Hustak Carla ; Myers Natasha ; Pignarre Philippe ;
On connaît Darwin comme fondateur de la théorie de l'évolution. Ce que l'on sait moins, c'est que la grande passion de sa vie a été l'étude des orchidées dont il possédait une extraordinaire collection. Il s'est particulièrement intéressé à leur fécondation par des insectes. Sans les guêpes, y aurait-il encore des orchidées ? Ces dernières ont développé des "stratagèmes" pour attirer les guêpes mâles et les séduire. Les guêpes ne se contentent pas de transporter du pollen, elles font littéralement "jouir" les orchidées. Ces travaux viennent compléter la théorie de l'évolution par une théorie de "l'involution". Les branches de l'arbre de l'évolution viennent se croiser, se mêler. L'orchidée ne peut pas perdurer sans ses liens avec une autre espèce.
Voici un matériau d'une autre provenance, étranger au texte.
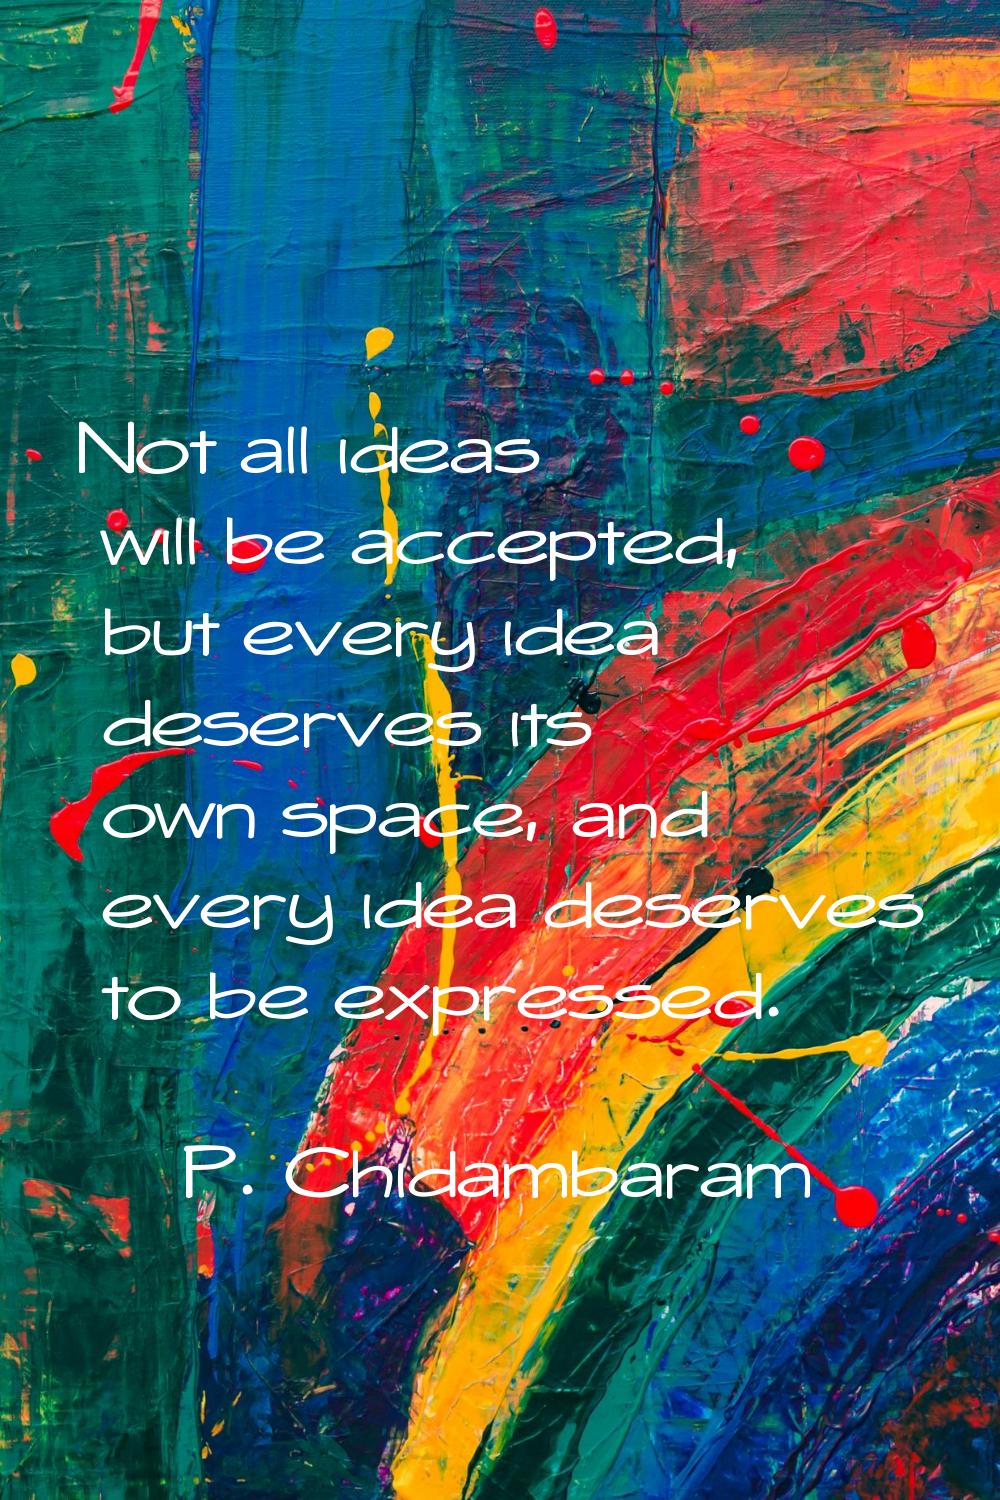 Not all ideas will be accepted, but every idea deserves its own space, and every idea deserves to b

Loin d'être un cas singulier, ce pourrait être la règle : les arbres et les champignons, les humains et les milliards de bactéries qui les peuplent... Cette nouvelle biologie, initiée par Lynn Margulis, s'oppose au "néodarwinisme", ou théorie du "gène égoïste", pour qui la "concurrence", et non la collaboration ou le lien, est le mécanisme de base. On sait comment cette théorie a essaimé, en particulier dans les sciences économiques, mais aussi en sociologie. La biologie de l'involution multiplie les découvertes. Les auteures poursuivent en présentant les travaux les plus récents sur le langage chimique des plantes, par exemple sur les plants de tabac... Une nouvelle biologie indispensable à l'heure du nouveau régime climatique qui exige que nous connaissions ce à quoi et par quoi nous sommes attachés.